This is the second of a two-part interview with Julie Packard, the executive director of the Monterey Bay Aquarium. The Aquarium’s Seafood Watch program has become one of the most powerful voices in the industry for seafood sustainability, affecting not only Gulf of Mexico fisheries, but fisheries around the world.
© by Ed Lallo/Gulf Seafood News Editor
With a love of the sea since college, Julie Packard has been a leader for the environmental protection of the world’s oceans and the seafood they produce. As the executive director of the Monterey Bay Aquarium, she has redefined its role as a powerful force for conservation.
Packard is one of four children of Lucile and David Packard, a co-founder of technology giant Hewlett-Packard. With the help of her sister, she was instrumental in convincing their parents to form the Monterey Bay Aquarium Foundation, and help fund its new building, an independent ocean research institute and the aquarium’s Seafood Watch program.

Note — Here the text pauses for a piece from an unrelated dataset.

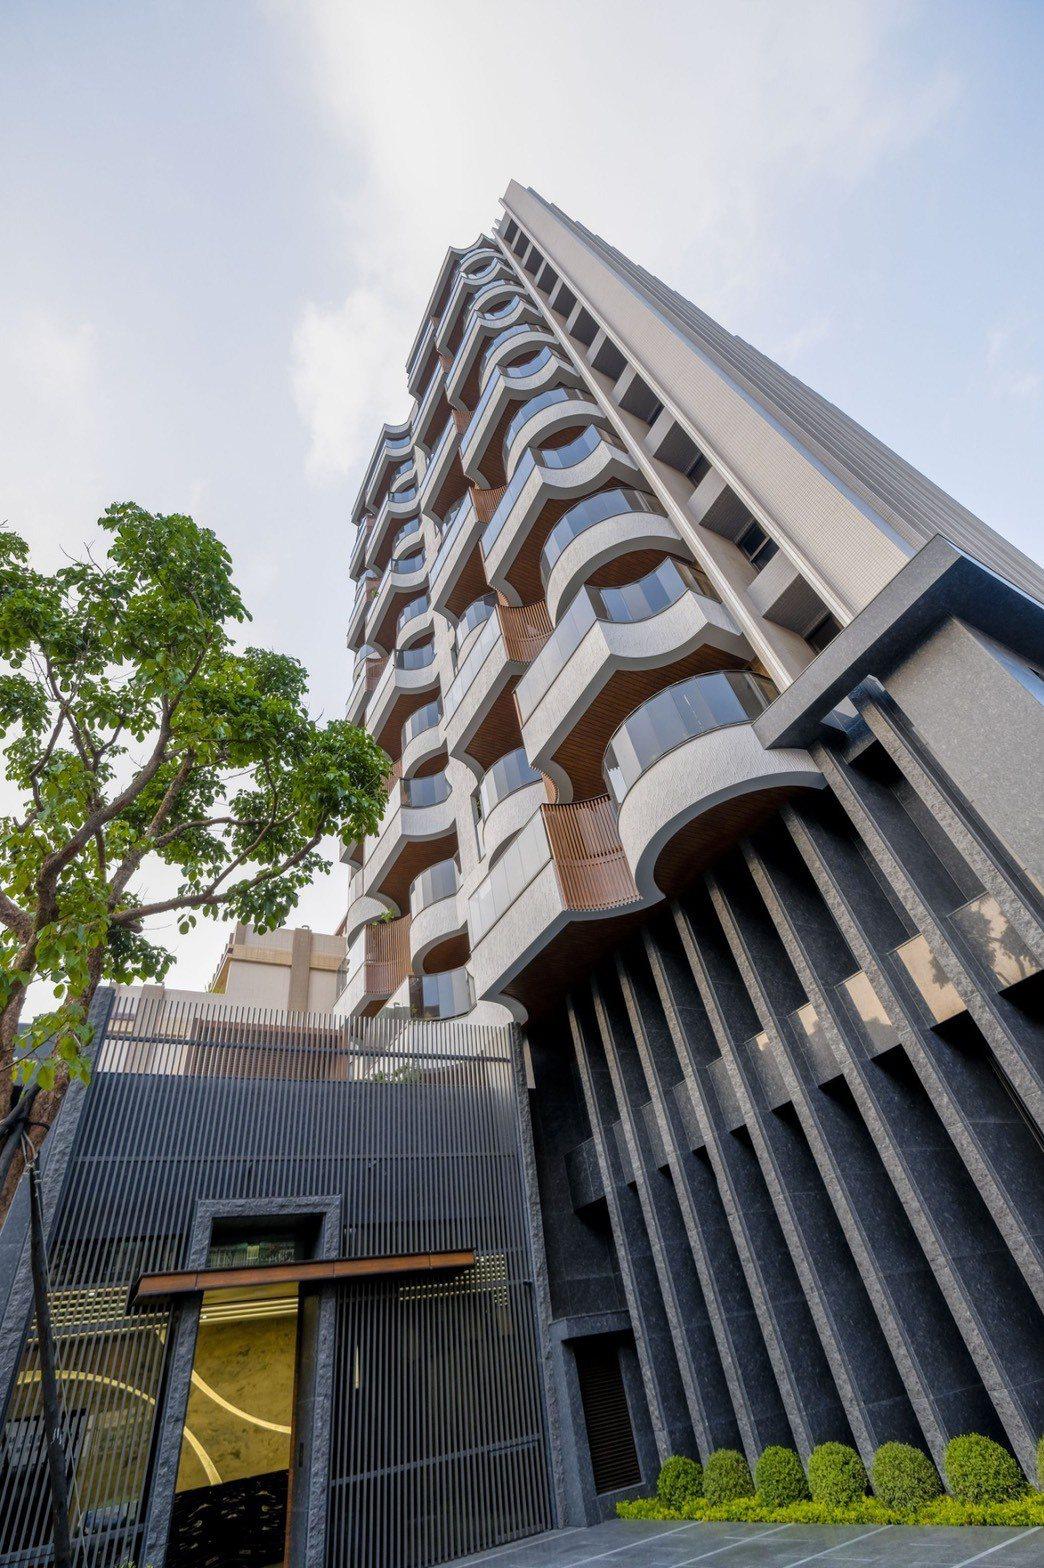 「日大雍禾」獲「大樓景觀」及「人文美學特別獎」2個獎項。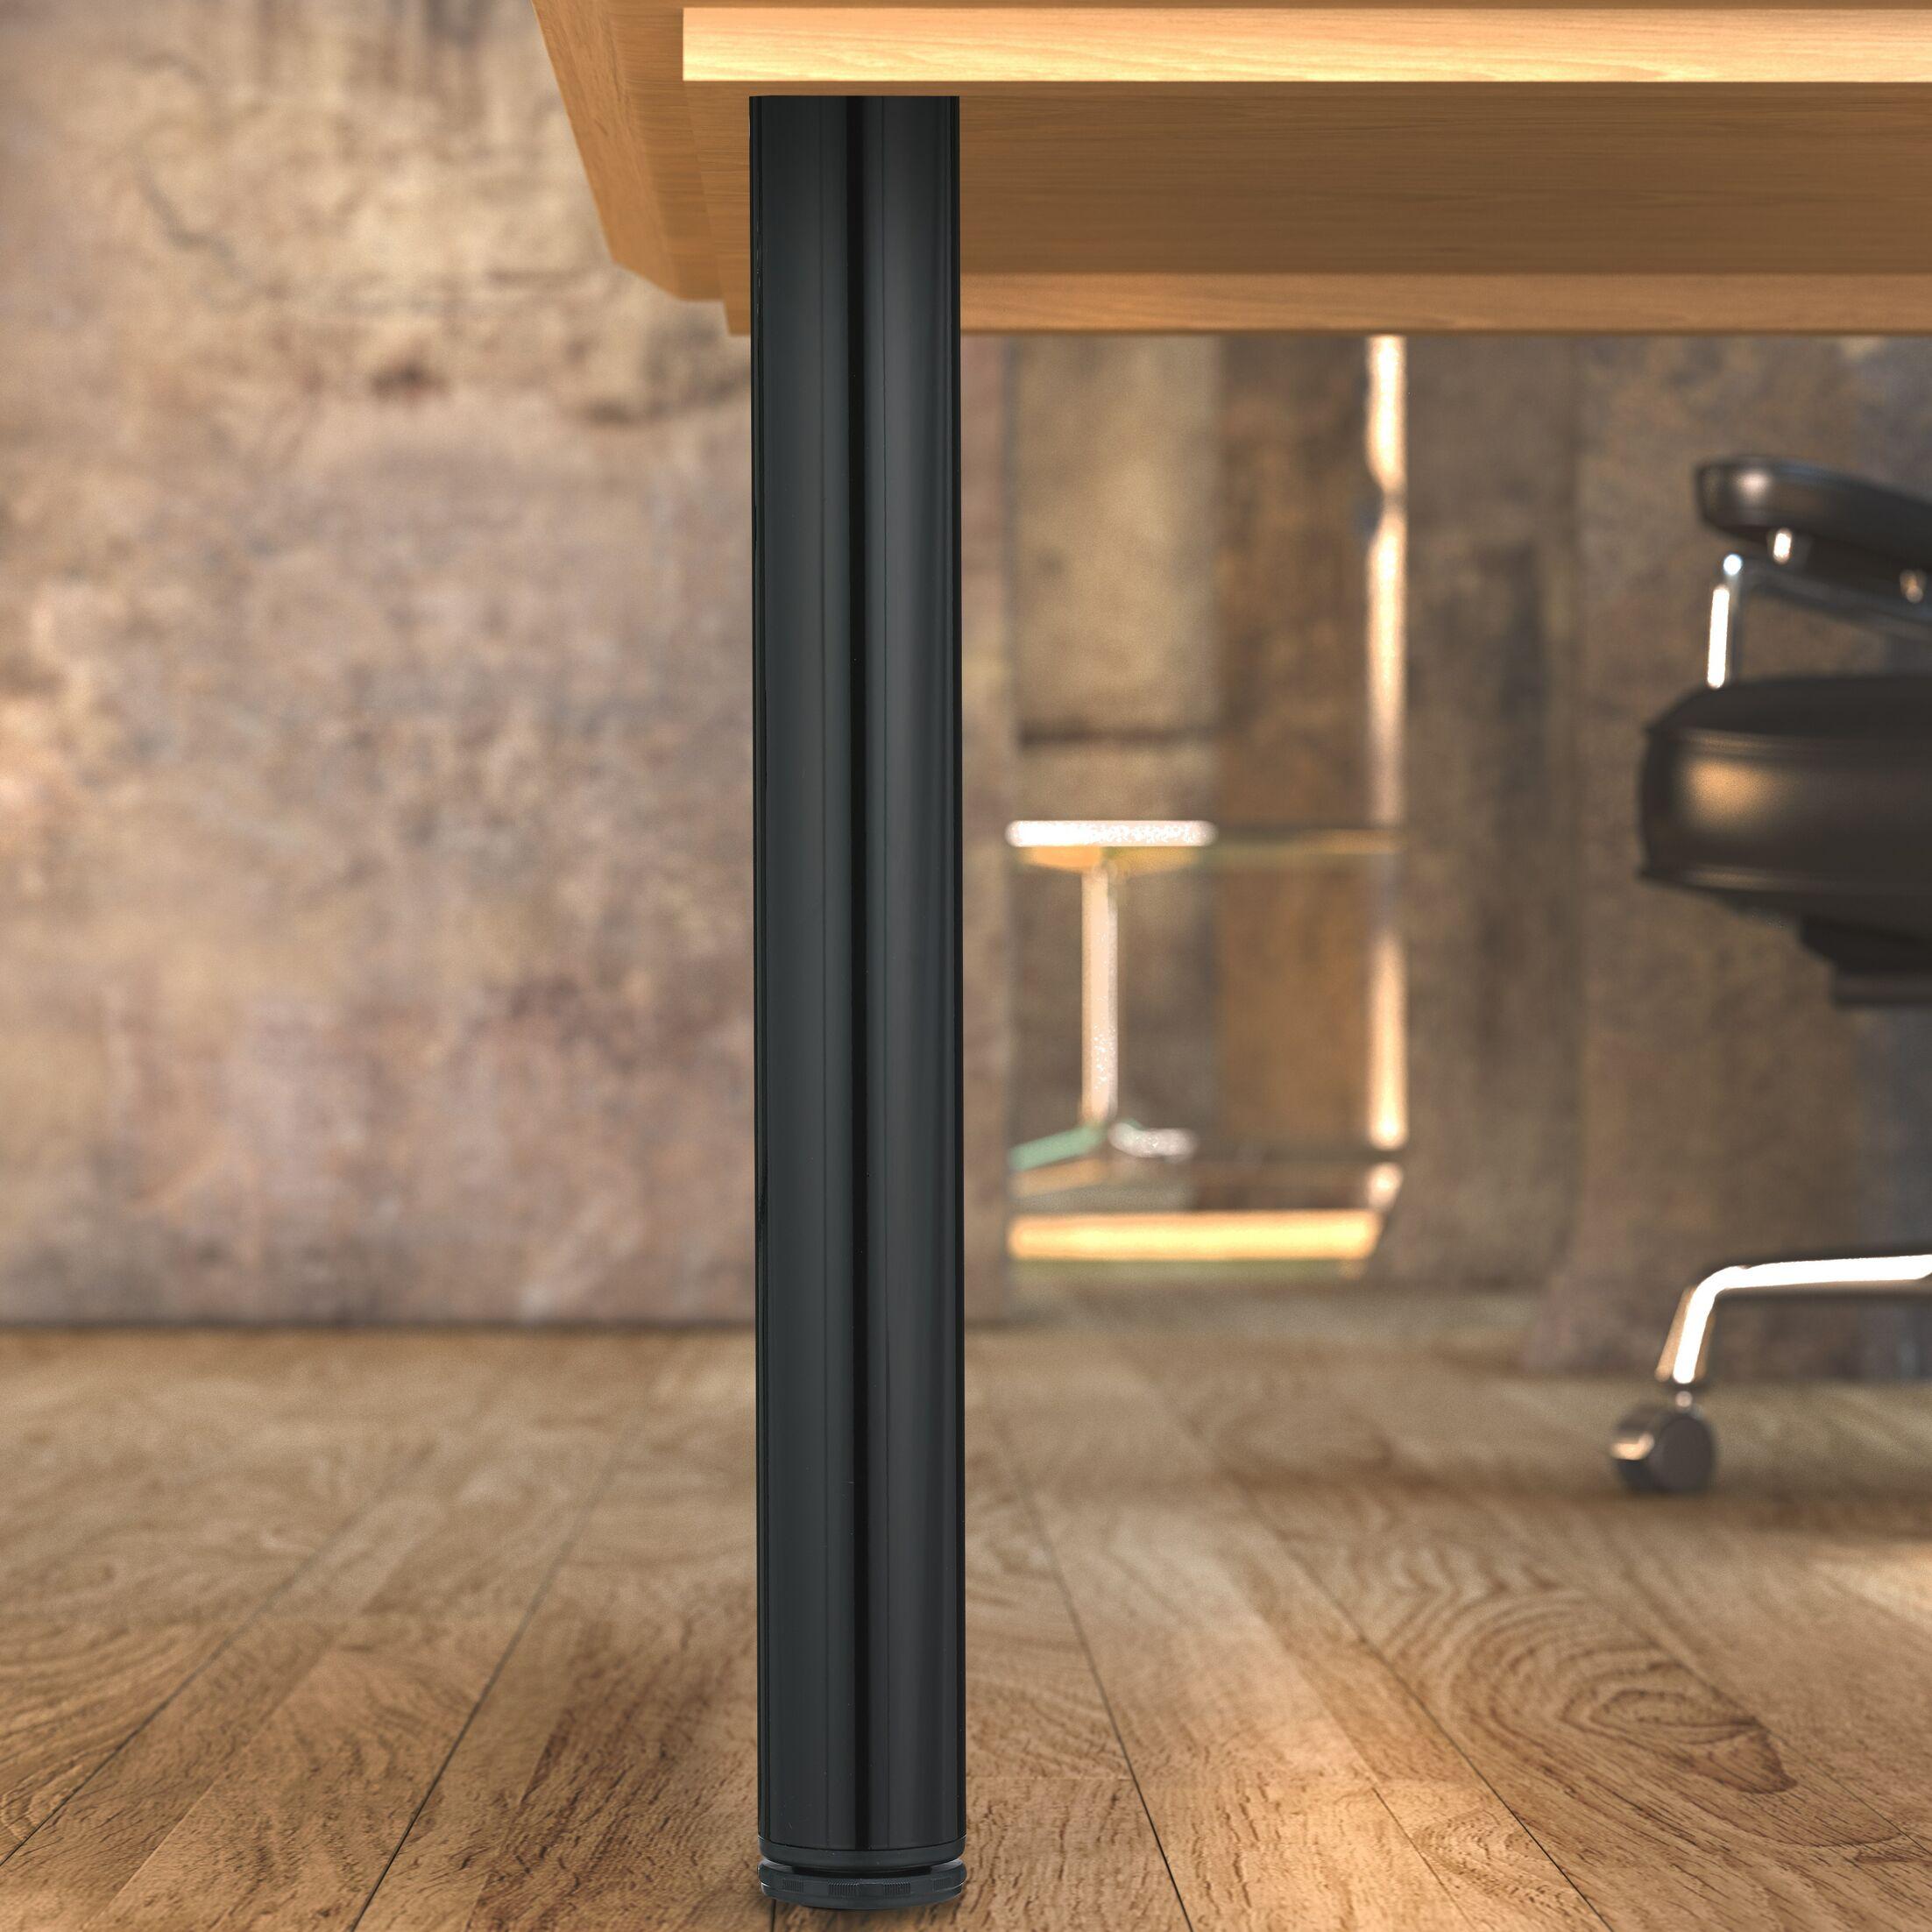 Adjustable Table Leg Finish: Black

With nearly two million visitors a year, the aquarium concentrates on three major initiatives: its public exhibits, extensive ecosystem-based education programs for students and teachers, and its ocean policy and research programs, including Seafood Watch. It receives no public operating funds for any of its work, and only limited grant funding for specific programs.
Fifteen years ago, when the Seafood Watch program was started, there was little interest in seafood and sustainability. Today, sustainable and traceable seafood programs are everywhere you look, including the Gulf of Mexico. Seafood Watch is aimed at providing information to consumers and businesses so as they can make choices for healthy oceans. Increasingly, the focus is on business partners who can leverage their purchasing power to influence seafood supply chains.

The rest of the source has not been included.